# Lens pouches - worth buying?



## omar (Jun 10, 2013)

I've seen these on eBay
Fairly cheap
A set of 6 for under £10
Can't remember the exact price
Should I get? Or not needed??

Thanks


Omar


----------



## iMagic (Jun 10, 2013)

I bought some neophrere pouches from ebay for those times i need some extra protection. Ok quality. Not as good as local retail but good enough for the purpose.


----------



## Rienzphotoz (Jun 10, 2013)

omar said:


> I've seen these on eBay
> Fairly cheap
> A set of 6 for under £10
> Can't remember the exact price
> ...


When I bought EOS-M, the online store had (what seemed like) a nice offer for a few pouches ... since it was just a few dollars and they looked nice on their website, I bought them ... but when I opened the package, they had a horrible smell like some cheap shoes ... I tried spraying them with perfume but no luck, so I got rid of them. Generally I do not use lens pouches anymore as all my camera bags have adequate protection.


----------



## duydaniel (Jun 10, 2013)

I think you should leave your lens in a clear plastic box.
Sun light may reduce your chance of getting the lens fungal


----------



## sandymandy (Jun 10, 2013)

I also thought i needed such in case of holiday but i just wrapped my lenses in socks n stuff and put them in the luggage  worked as a charm. So no lens pouches for me. Whenever i go outside i limited myself to 2 lenses i can put in my bag.


----------



## Rienzphotoz (Jun 10, 2013)

sandymandy said:


> I also thought i needed such in case of holiday but i just wrapped my lenses in socks n stuff and put them in the luggage  worked as a charm.

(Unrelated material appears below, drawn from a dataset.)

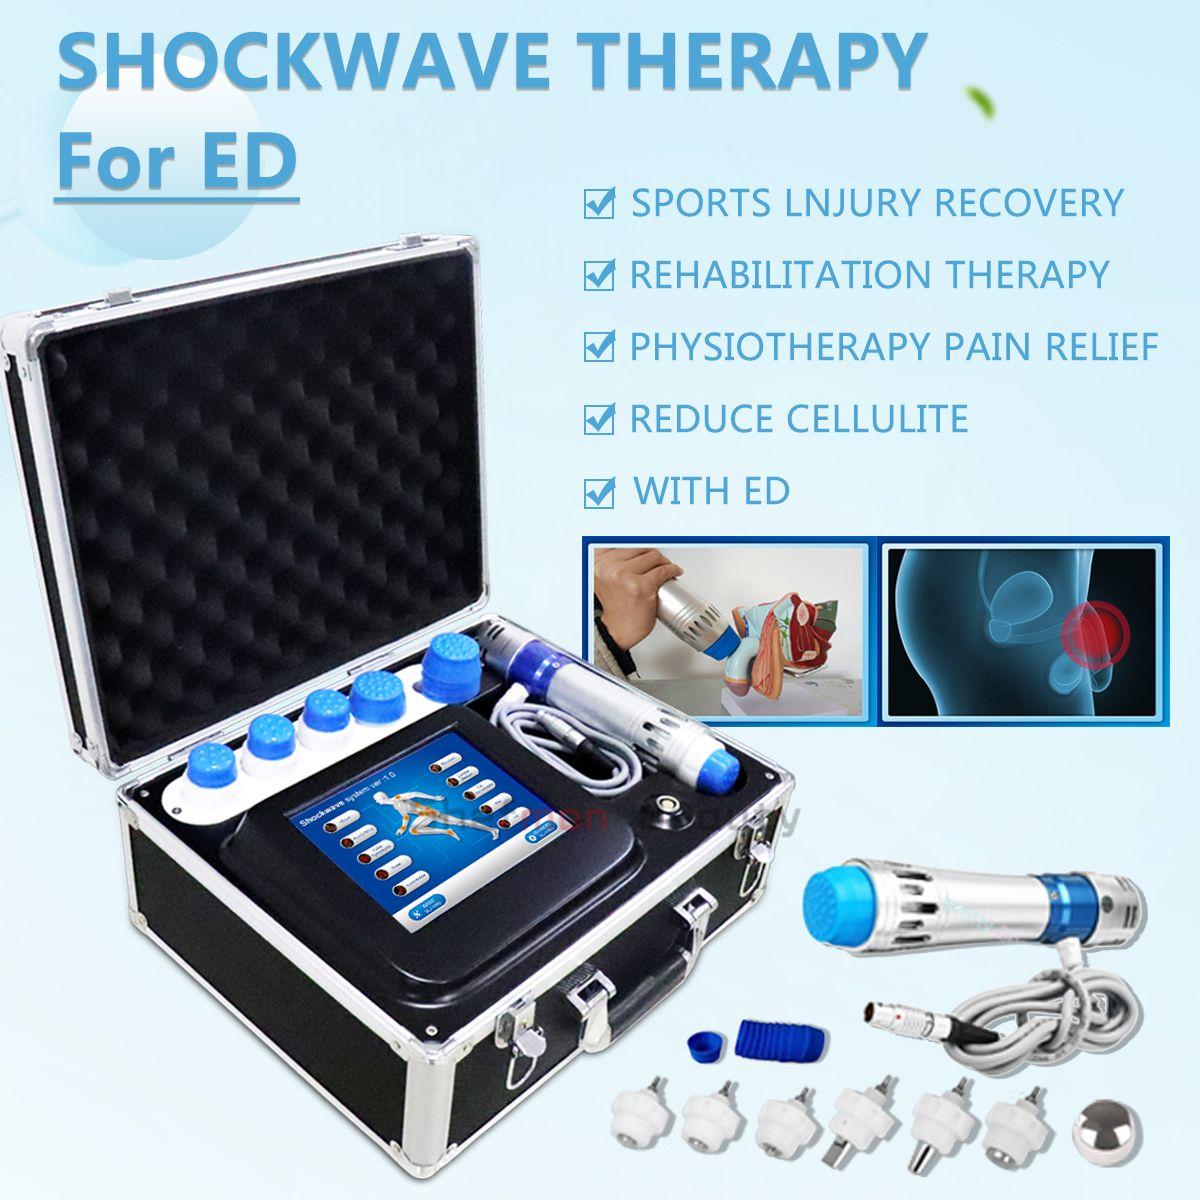 ED Fiziksel Rehab Erektil ESWT Ağrı Yönetimi Tendinit ESWT Profesiyone Vücut Masajı Gun Shockwave Terapi Makine

+1 ... I do the same to reduce unnecessary weight.


----------



## gferdinandsen (Jun 10, 2013)

All of my lenses have come with pouches...all the pouches are sitting in a box in a closet.


----------



## Grumbaki (Jun 11, 2013)

That



Rienzphotoz said:


> Generally I do not use lens pouches anymore as all my camera bags have adequate protection.



and that 



gferdinandsen said:


> All of my lenses have come with pouches...all the pouches are sitting in a box in a closet.


----------



## neuroanatomist (Jun 11, 2013)

The Canon pouches offer almost no protection - they don't even get unpacked. I have and use several Lowepro Lens Cases.


----------



## Rienzphotoz (Jun 12, 2013)

neuroanatomist said:


> The Canon pouches offer almost no protection - they don't even get unpacked. I have and use several Lowepro Lens Cases.


+1


----------



## LetTheRightLensIn (Jun 16, 2013)

omar said:


> I've seen these on eBay
> Fairly cheap
> A set of 6 for under £10
> Can't remember the exact price
> ...



No, I've never even used one. I have them sitting around. They are a waste. I wish they gave the 70-300L a nice usable 70-200 2.8-like softcase and not a useless pouch.


----------



## Zv (Jun 16, 2013)

Lens pouches are all but useless, get some lowepro lens cases instead. I only use them for storage, most of my gear stays in my Kata bag without a pouch or case. It's only when I want to take a lens out that I wont be using that day do I then put it in a case. I live in a very humid place but have never noticed any adverse effects even with my 50 1.8. Lenses are not as delicate as you might believe, just be sensible about it.


----------



## mwh1964 (Jun 16, 2013)

Nope. Use your money for something more useful.


----------



## AdamF (Jun 16, 2013)

When I travel, I wrap my lenses in chamois cloth and put them zip-loc bags if they will fit. If not, I will put them in double or triple plastic bags.

It is lighter in weight than taking hard cases (which I use to store them in at home).


----------